Layer 3: agentic workflows for the design system team itself

This is where it gets interesting. Once your design system is queryable by AI, you can write agentic workflows, multi-step skills that orchestrate AI agents through repeatable design-system tasks. We use Claude Code skills:

  • /build-v1, runs a 5-phase component migration. Mandates reading the architecture docs, the a11y index, and a reference component before writing any code. The skill enforces the team’s slot-over-props philosophy and composable patterns by making them prerequisite reading.
  • /test-docs, simulates a fresh agent session, scores docs against an 8-item checklist, and produces a Pass/Partial/Fail percentage. Documentation quality becomes a measurable metric.
  • /beta-tag, handles the mechanics of moving a component through beta.
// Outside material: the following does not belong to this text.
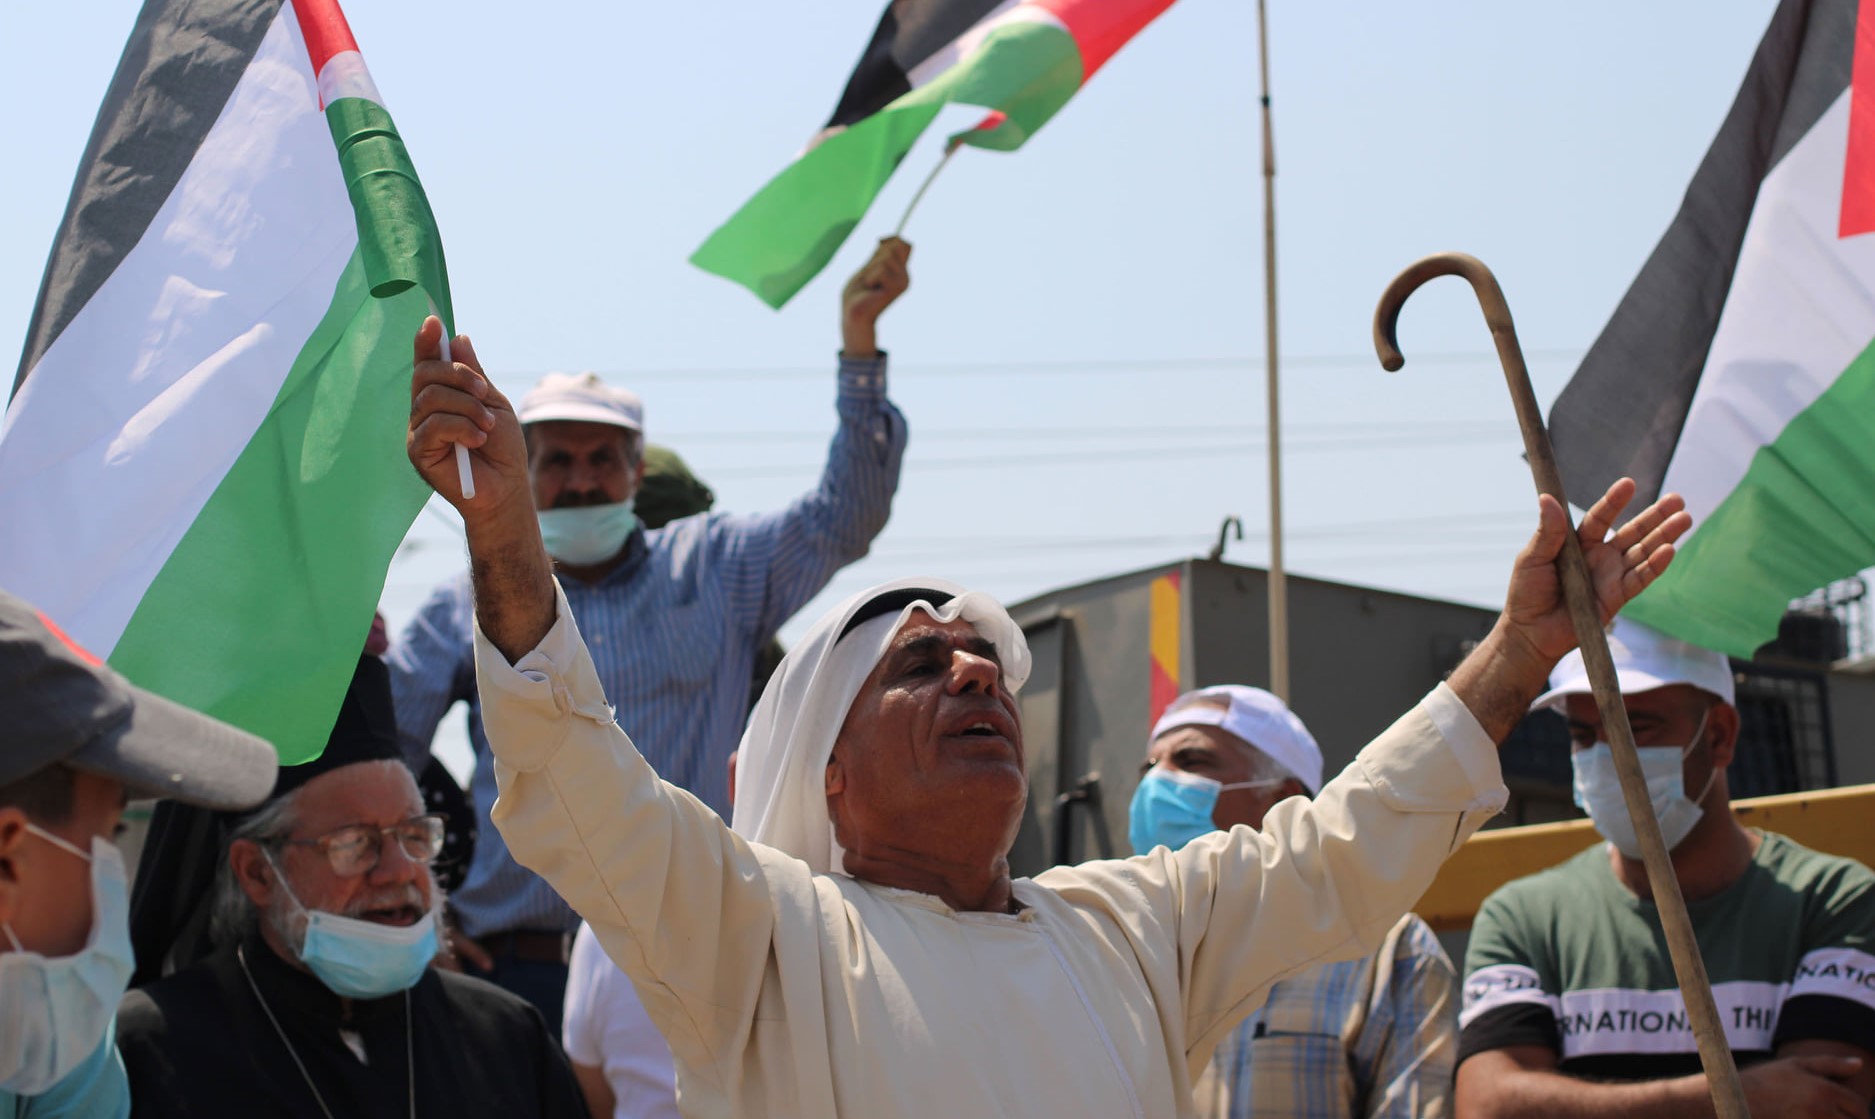 Palestinians protest on September 12 against Israeli occupation and colonization at the entrance to the occupied West Bank village of Hares. Weekly protests have been held in Hares since May, following an incident in which settlers destroyed hundreds of trees on land belonging to residents. Each week, soldiers close the gate to the village, preventing residents from marching to their land.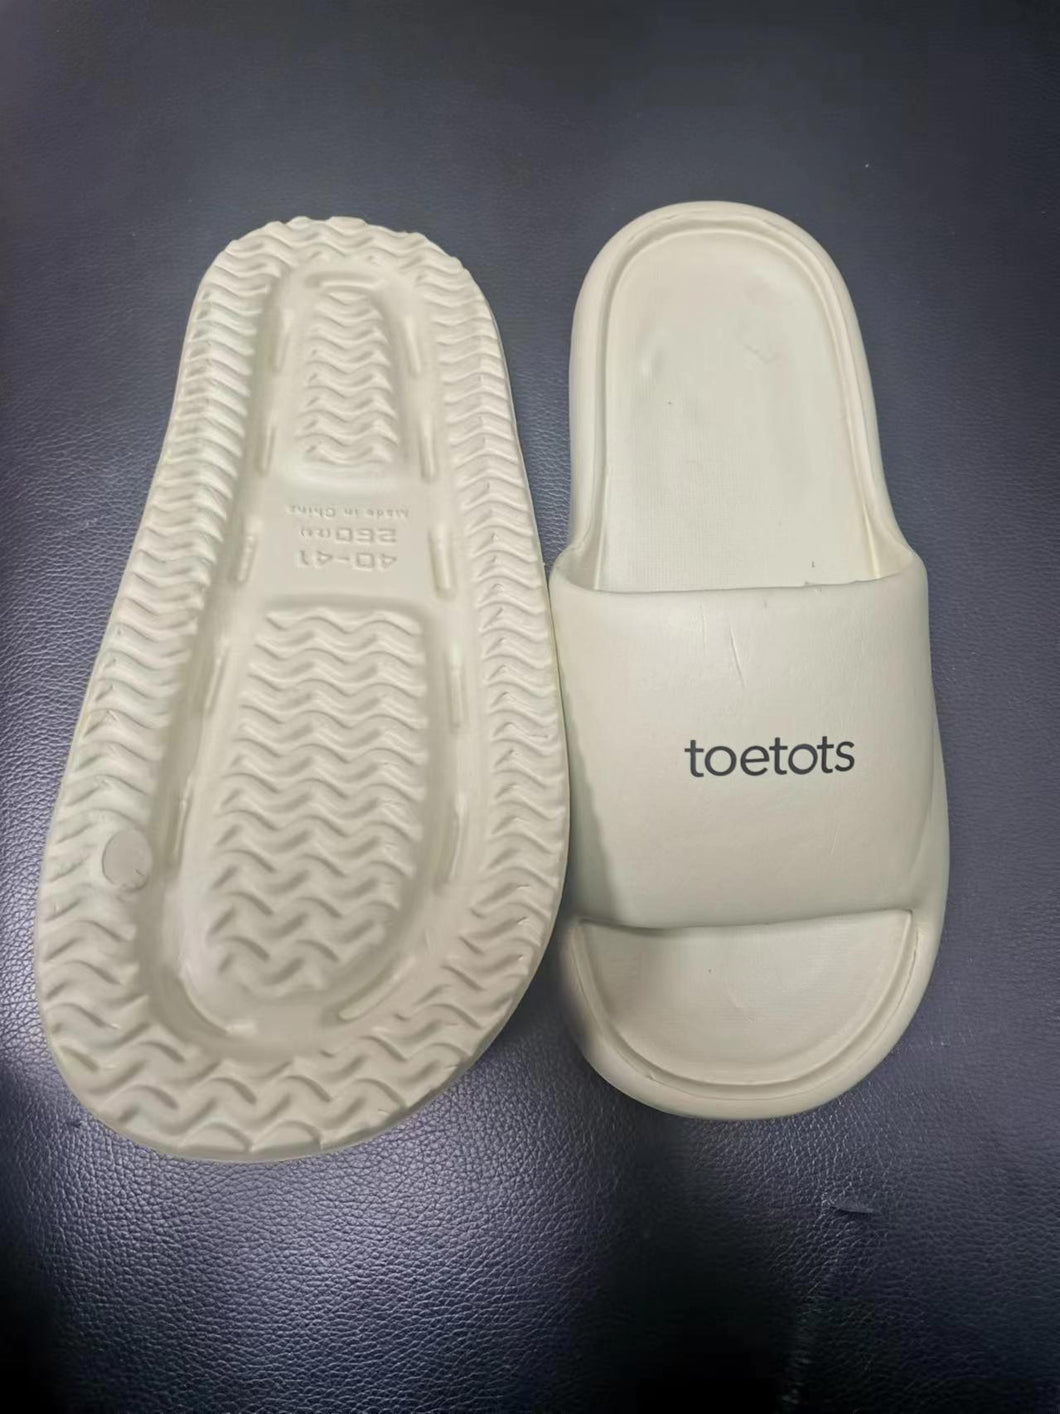 toetots Slippers, non slip, suitable for both men and women in daily household use

Encodes process knowledge that would otherwise live only in an engineer’s head.

The shift: standards stop being carried in conversations or code review and start running before the first line of code.

The closed loop

What you end up with:

  • The design system generates AI-readable documentation at build time.
  • External AI assistants consume it through MCP.
  • The team’s own AI workflows consume the same data through skills.
  • Documentation quality is measured by an automated AI audit.
  • The audit’s failures become a backlog of doc improvements.
  • Improved docs make every downstream AI interaction better.

The system continuously improves its own AI-readiness. That’s the part that’s hard to design for upfront but pays compounding interest once it’s running.

What to ship first

If you’re starting from zero, the order matters. Ship Layer 1 first and let it deliver IDE value for a while. Then build the MCP server on top of the metadata you already trust. Don’t build skills until your docs are good enough that an agent can actually follow them, which is what the /test-docs audit is for.

The temptation will be to ship Layer 2 first because it’s the headline. Resist it. A flashy MCP server reading flaky metadata will burn the team’s trust faster than no MCP server at all.